Marrying fact-based statistics and feeling-based opinion polls seem incompatible if not bizarre. But, the results showed the mergers have been somewhat successful. For example, prior to 2016 all but one of the presidential pre-election polls^{6} since Truman has been within the margin of error (NCPP, 2017) . This success rate is a partial verification of this merger. However, proving cause- and-effect is far more difficult. For example, there is no proof that the prior successes were a result of statistics as opposed to the expertise of the pollsters.

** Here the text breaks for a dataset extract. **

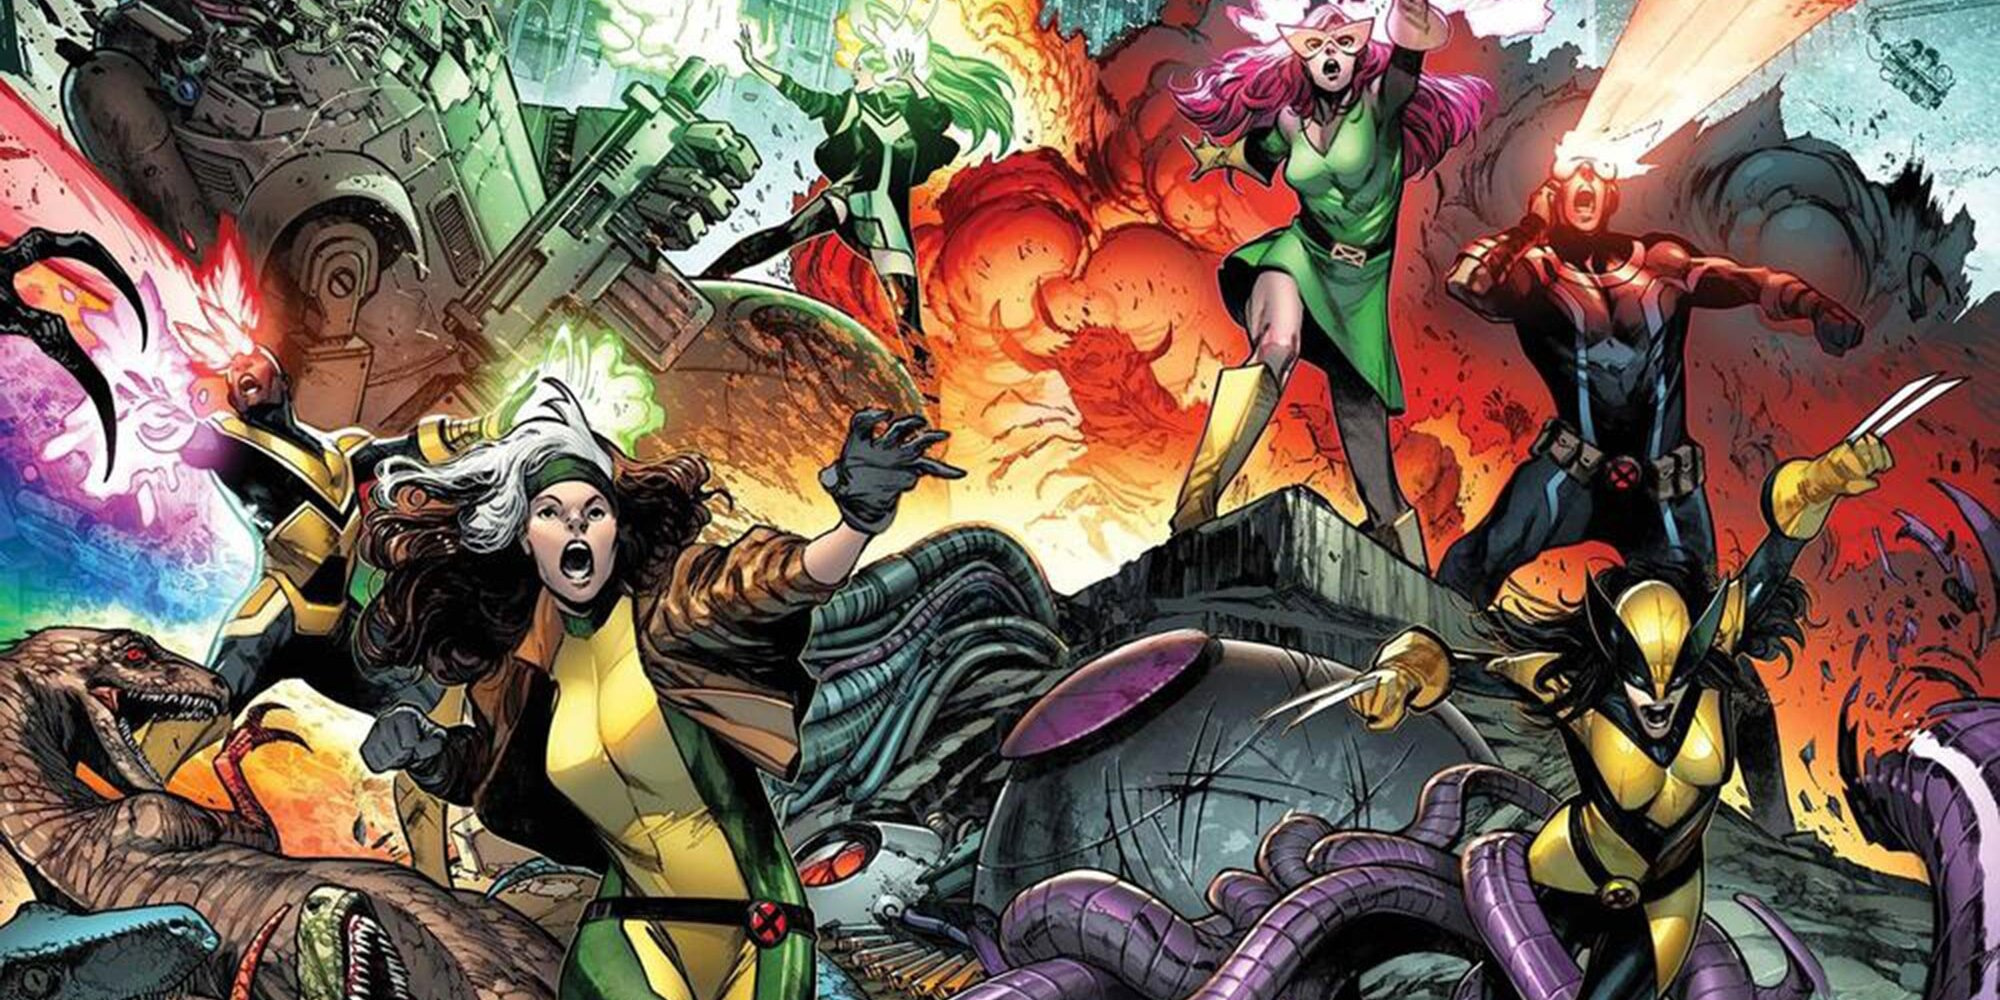 Marvel unveils the full, surprising lineup of new X-Men team

One company conducted a study^{7} (Pollster Accuracy Study) involving 370 different pollsters (Silver et al., 2016) . This study was done before the 2016 election. It showed that the accuracy varied from 1.2% polling error to 23.8%. Some pollsters were within the margin of error 100% of the time (116 companies) and others (42 companies) were always outside the margin of error. Some pollsters (28) never called a race correctly while others (154) had a 100% success rate. One pollster with a 100% success rate called 465 races correctly but only received a C minus rating. This suggests that the poll accuracy was related to the expertise of the pollster as opposed to mathematics.

Exit polls are not the same as opinion polls. An exit poll asks people how they actually voted. This is much closer to a fact rather than an opinion, although it is subject to lying, etc. The exit polling data for the 2016 election showed Clinton had an average absolute exit polling error of 2% and 2.8% for Trump. Both exit polls were well within the margin of error. In contrast, the absolute pre-election opinion polls (Trump 6.9% and Clinton 3.8%) were both considerably higher than projected. This raises a question as to why the two polling results (opinion & exit) were so different in the same wildly contentious election. Historical elections since Truman also show that exit polls have been more accurate thereby negating the 2016 election as an anomaly.

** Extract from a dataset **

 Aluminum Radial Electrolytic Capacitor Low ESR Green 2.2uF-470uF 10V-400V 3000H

The Pollster Accuracy Study and the exit poll/opinion poll comparison provide a cogent argument that opinion poll accuracy is more related to the pollster’s expertise as opposed to mathematics.

5.2. Nonresponse Rate

In 2000, the percent of people opting not to respond to polling inquiries was 72% (Kennedy & Deane, 2017) . This increased to 76% in 2004, and then to 84% by 2008. By 2012 it rose to 91% and stayed at that level for the 2016 elections. Many experts questioned whether a random sample could be obtained when 91 percent of the population is excluded. Some assigned a “nonresponse bias” to the polling survey. Others ignored the nonresponse rate contending that the statistical distribution of the whole is the same as the statistical distribution of the portion. Studies investigating response rates as it affects poll results could not find a reliable connection (Kennedy & Deane, 2017; Groves & Peytcheva, 2008) .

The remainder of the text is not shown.